A worker demonstrates a laser defense system, a large, multipart machine, in front of an open field.
An Israeli police officer demonstrates a laser defense system near the Israel-Gaza border in 2020.Credit...Tsafrir Abayov/Associated Press

Lara Jakes

By Lara Jakes

Lara Jakes frequently writes about the weapons industry.

Sept. 18, 2025Updated 5:20 a.m. ET

Drone swarms that have deluged Ukraine for years — and crossed the border into Poland last week — have sent NATO militaries in Europe rushing to upgrade air defenses in case they ever face a similar threat.

Soon they will have a new solution: lasers.

Scientists have for decades sought to harness directed energy beams into weapon systems that would be cheaper and more efficient than missiles or rockets. A growing number of countries are developing or deploying their own laser air defenses, and some have already been used in war, by Israel and Ukraine.

A NATO nation in Europe is now buying an air defense laser from an Australian company, which officials, experts and industry executives said appears to be the highest-power direct energy system to be sold on the global weapons market. That is a sign that they are becoming more widely available and could be a mainstay for future warfare.

The Australian laser’s maker, Electro Optic Systems, advertises it as able to shoot down 20 drones a minute, at a cost of less than 10 cents per shot. Nicknamed “Apollo” for the Greek god of light, it has about the same level of power as Israel’s highly anticipated Iron Beam air defense laser, which is being built for its own military.

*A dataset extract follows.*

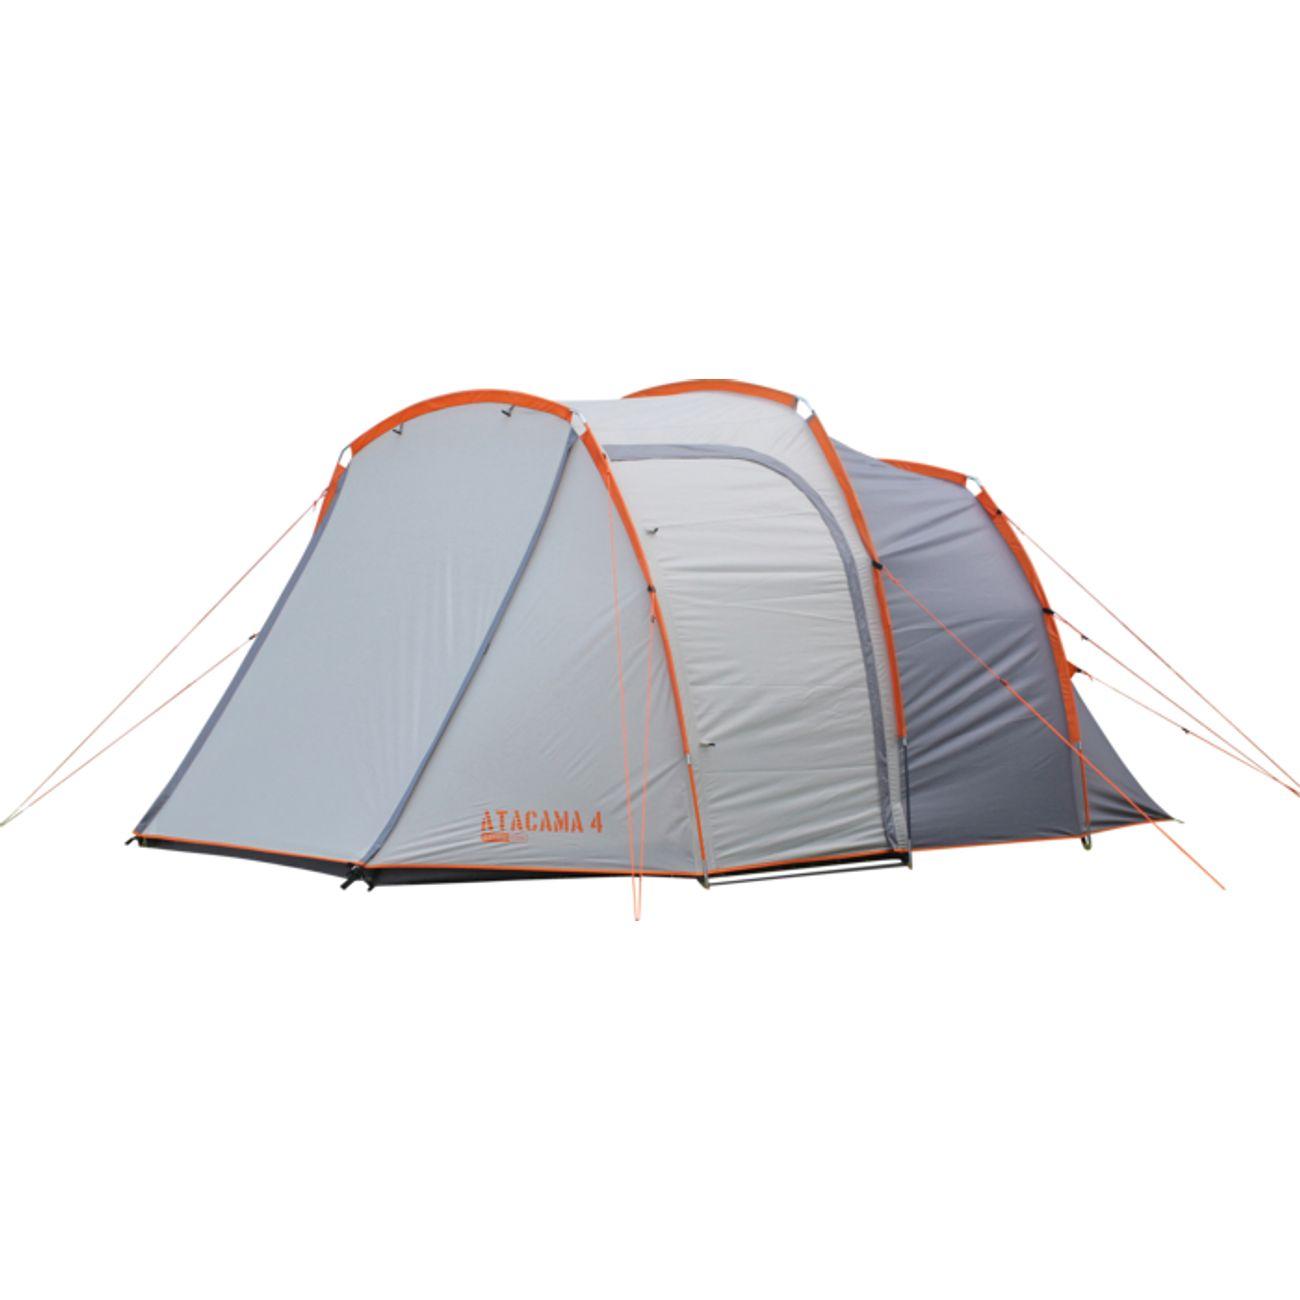 TENTE Camping  WANABEE ATACAMA 4 TUNNEL
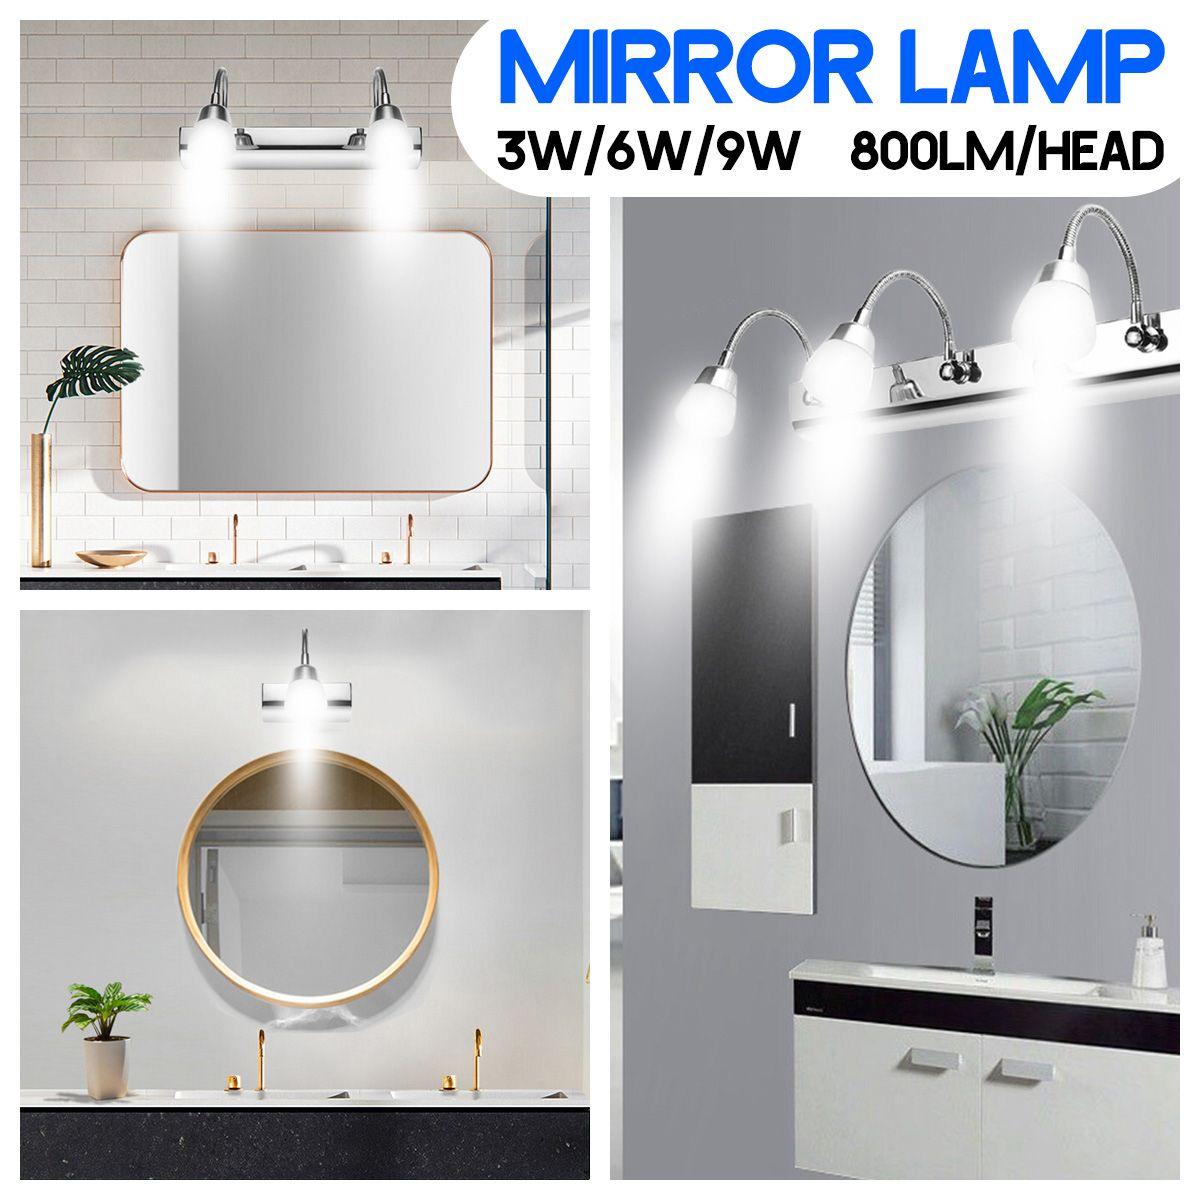 3W/6W/9W LED Bathroom Mirror Front Light Wall Lamp Makeup Vanity Light Waterproof Decorative Lamp Fixture Home Decor Lighting

“The Ukrainian war and the Gaza war were key trigger events that everybody thought, ‘It’s the time now to make this operational. We should not spend any more years in doing demonstrations, tests and prototyping,’” Andreas Schwer, Electro Optic Systems’ chief executive, said in a recent interview.

“We have some clients which are so much under actual threat that they say, ‘Listen, we can’t wait — we need something tomorrow,’” Mr. Schwer added. He declined to say which NATO nation is buying the laser.